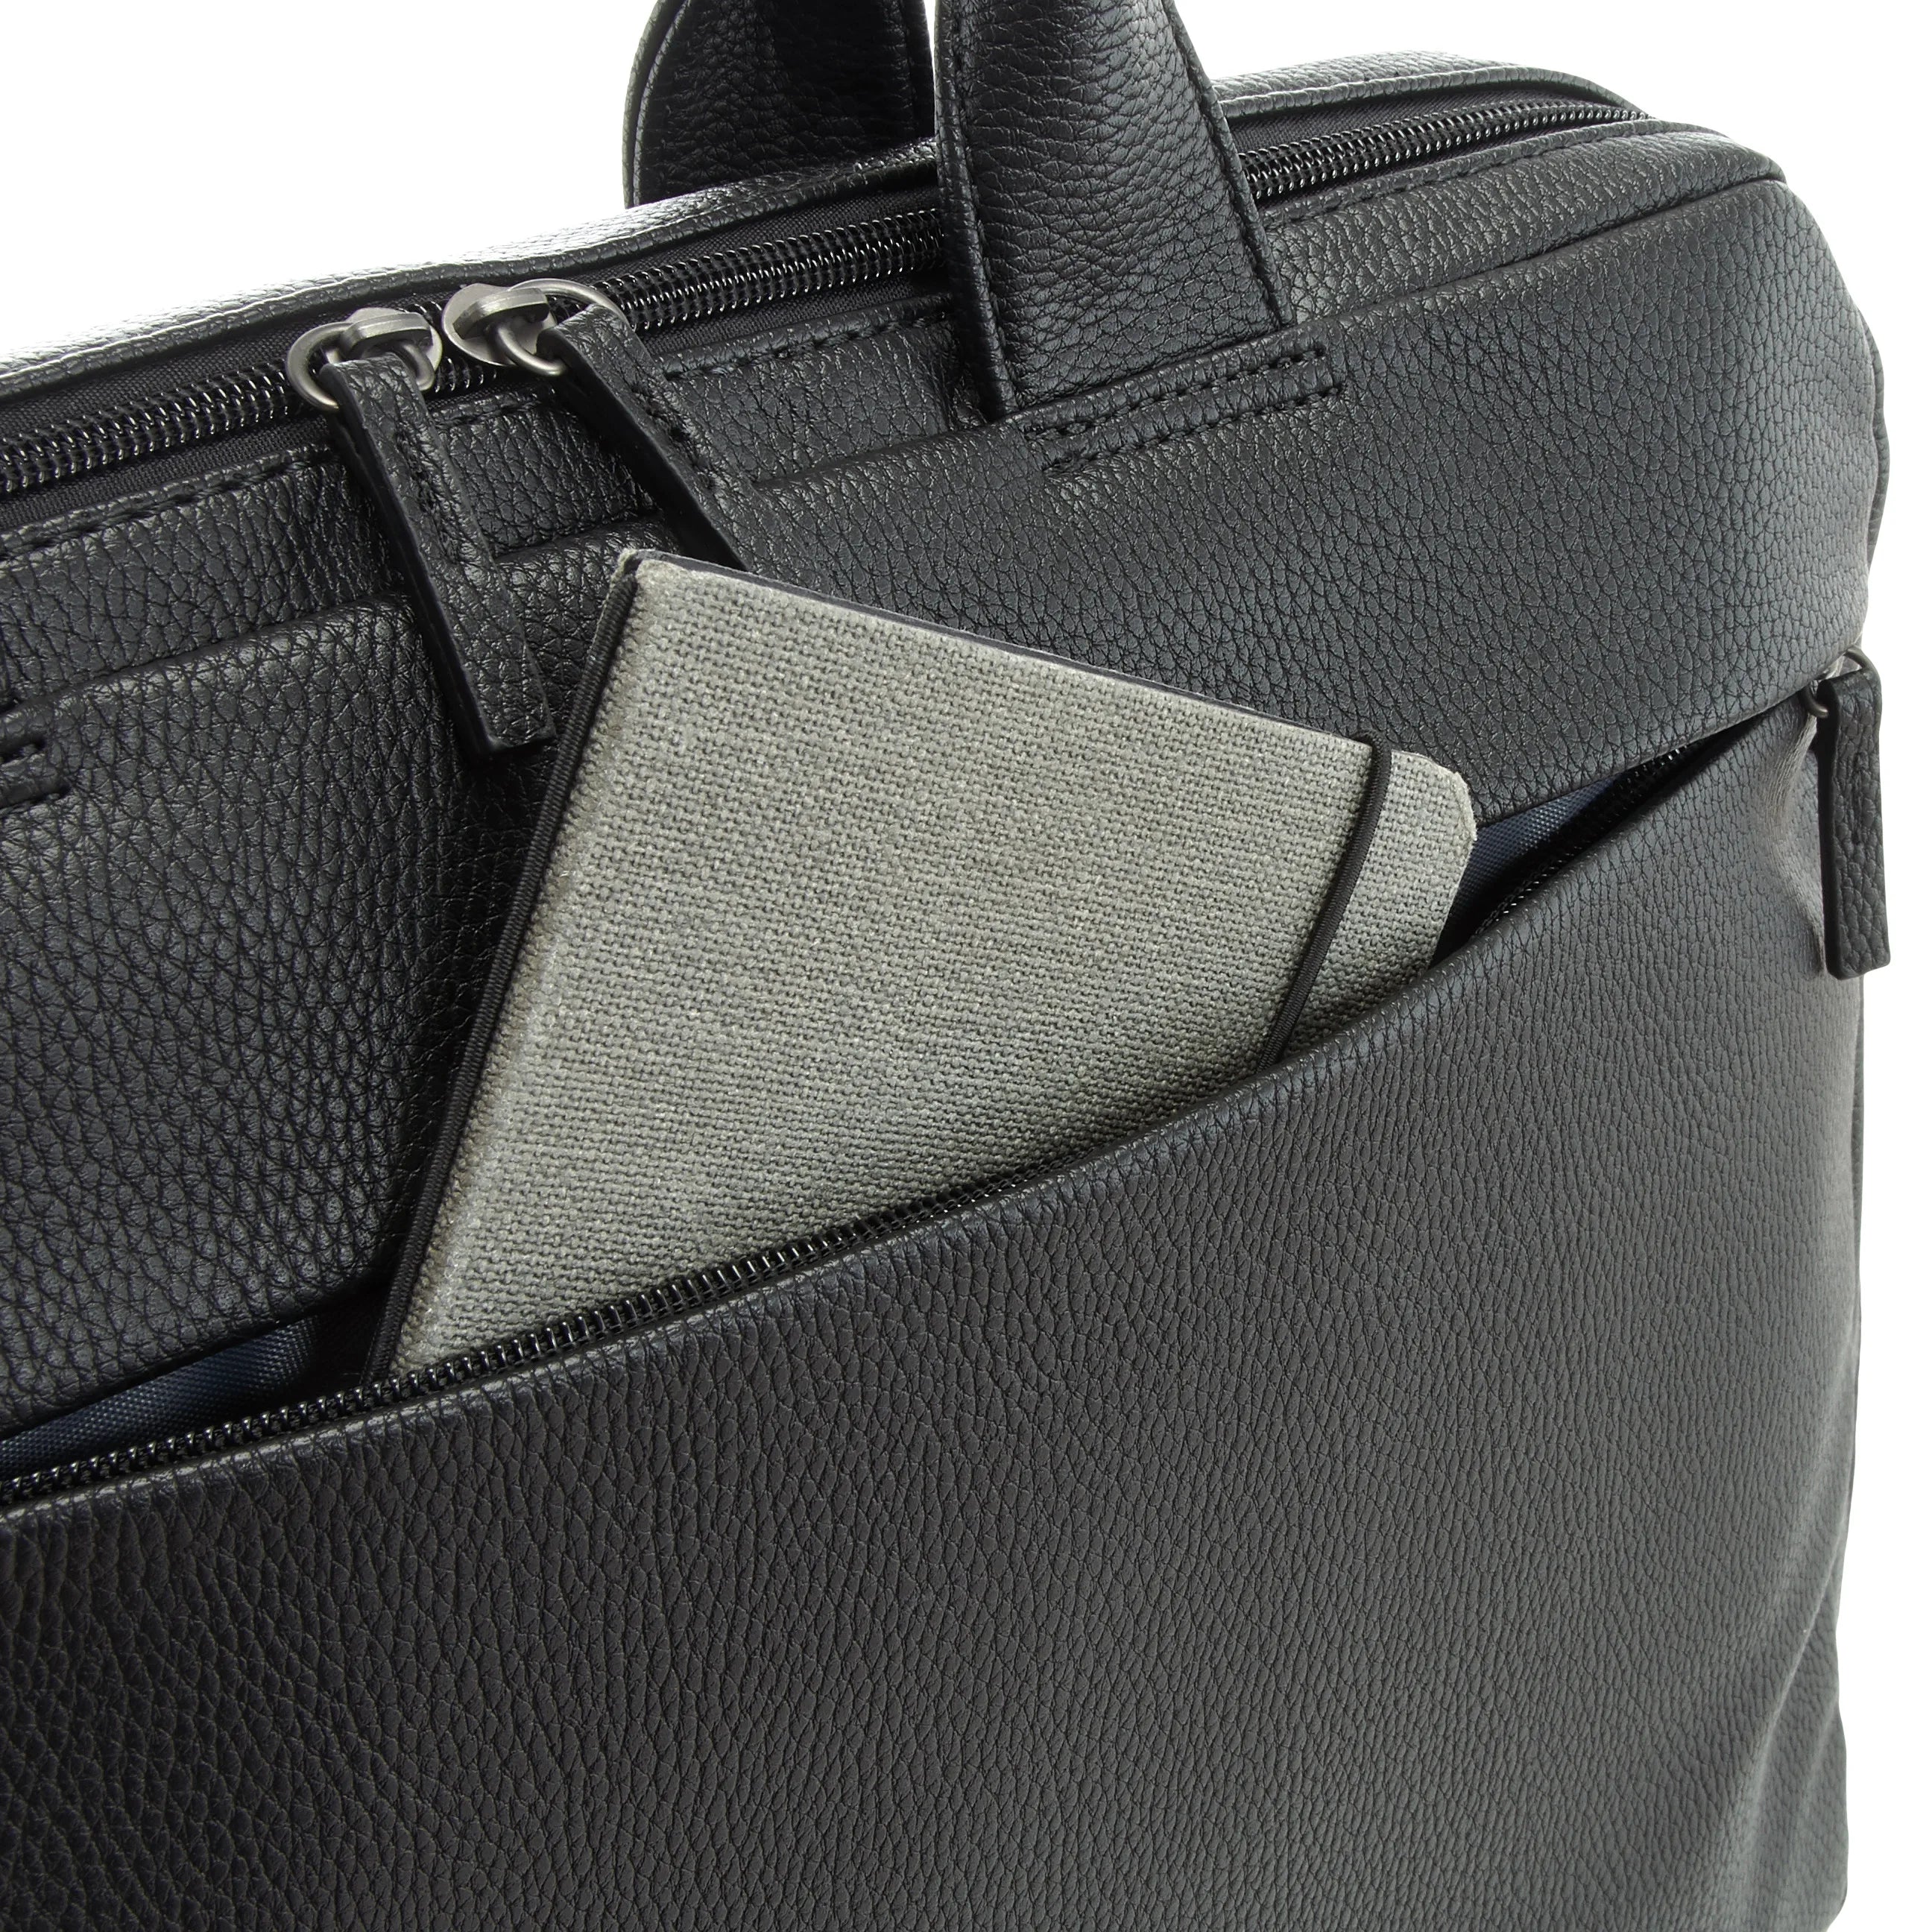 Jost Bodo II business bag 40 cm - black
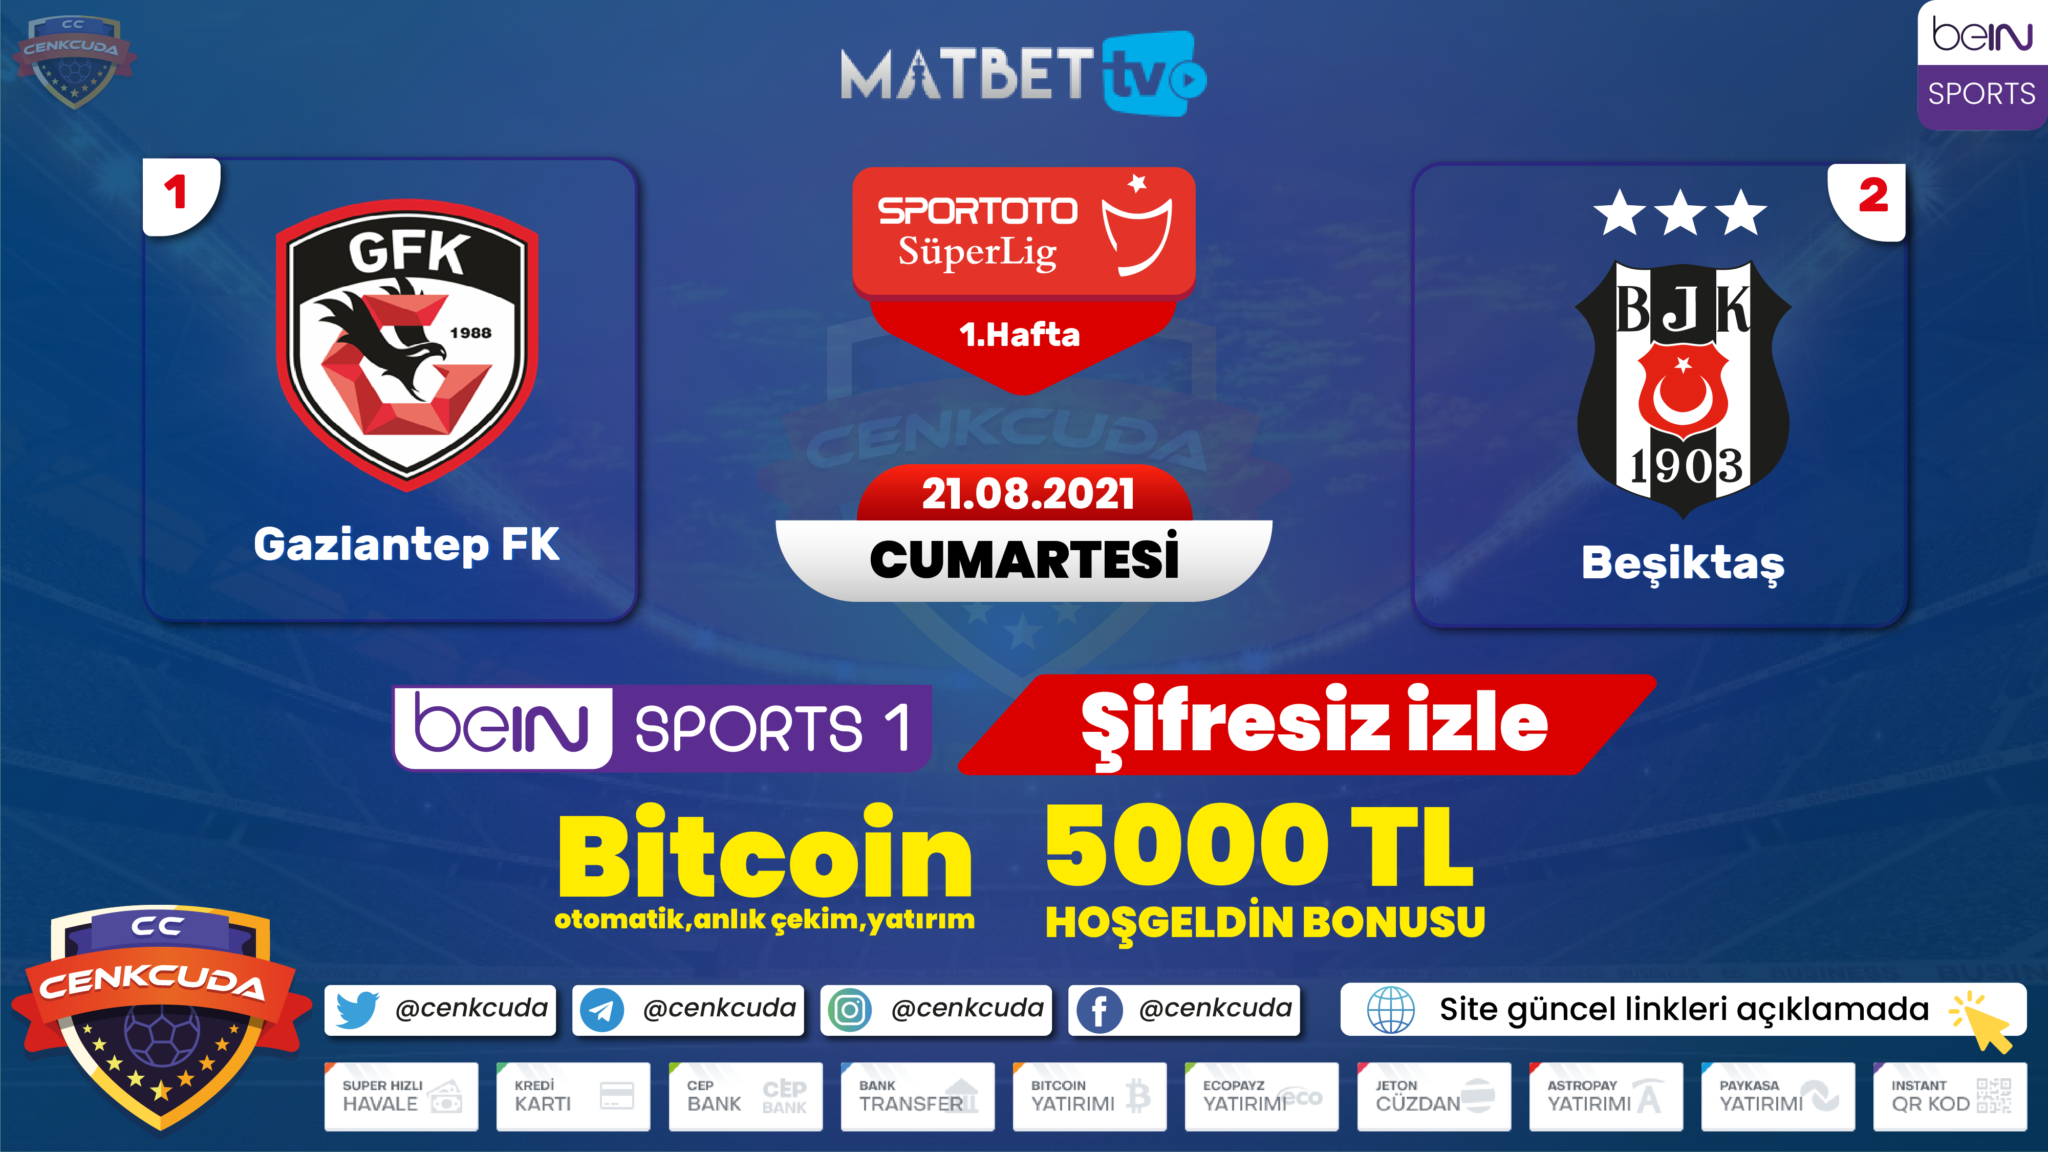 Canlı maç izle: Matbet TV, Maç Yayınları, KralBozguncu
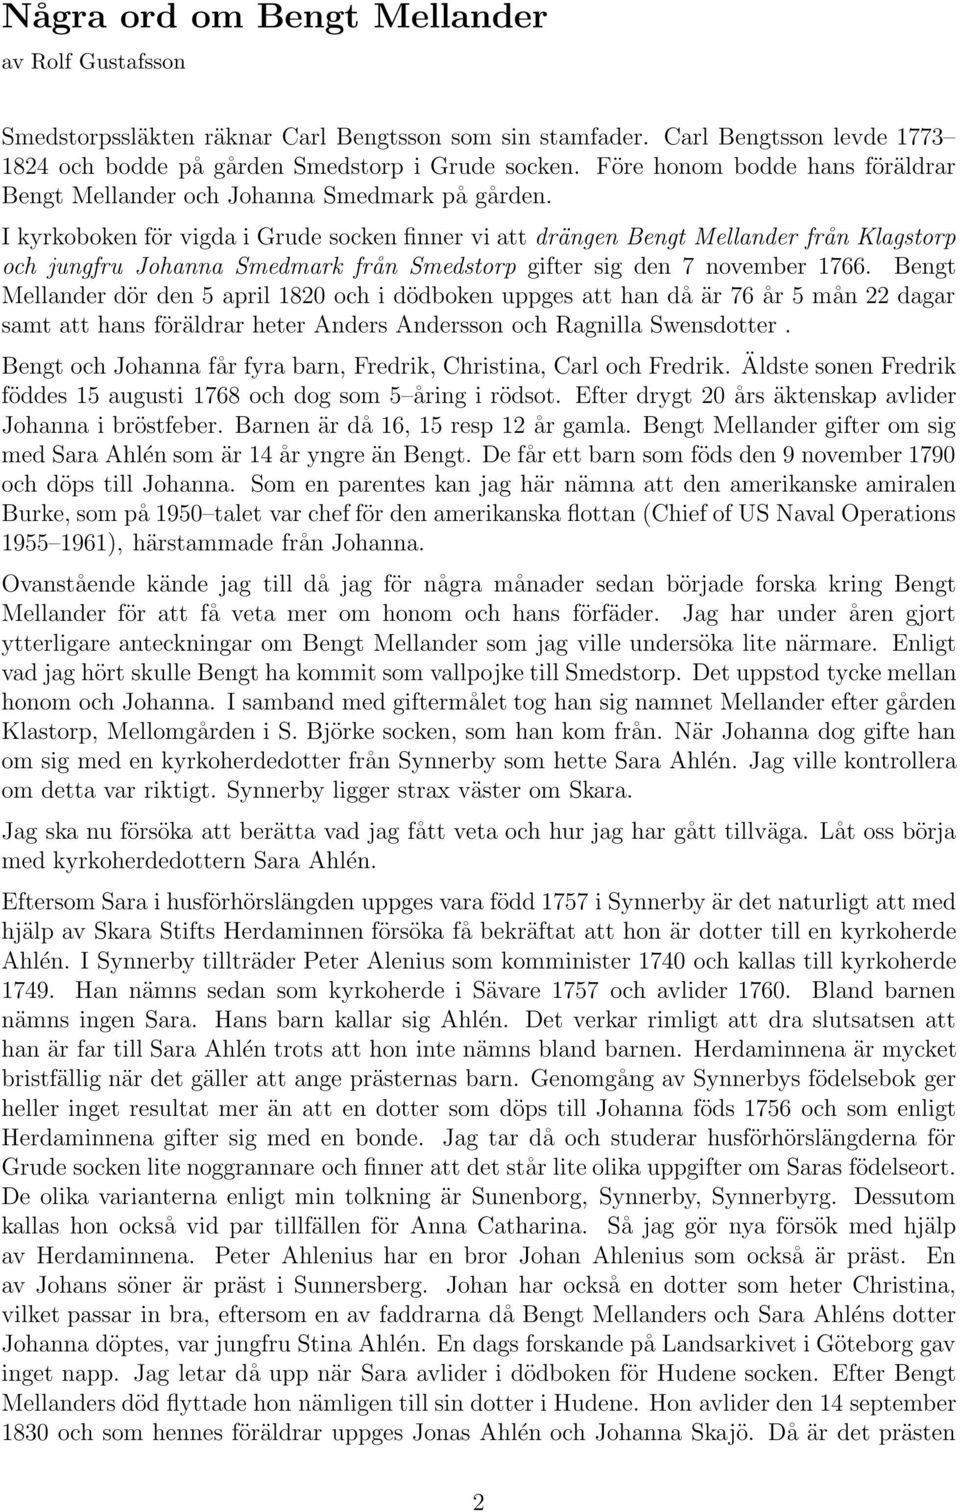 I kyrkoboken för vigda i Grude socken finner vi att drängen Bengt Mellander från Klagstorp och jungfru Johanna Smedmark från Smedstorp gifter sig den 7 november 1766.

Work task:
For this exercise, transcribe the data above line by line, exactly, with pictures omitted.

Answer to this exercise:
 Jost Bodo II business bag 40 cm - black
 Canlı maç izle: Matbet TV, Maç Yayınları, KralBozguncu
 I kyrkoboken för vigda i Grude socken finner vi att drängen Bengt Mellander från Klagstorp och jungfru Johanna Smedmark från Smedstorp gifter sig den 7 november 1766.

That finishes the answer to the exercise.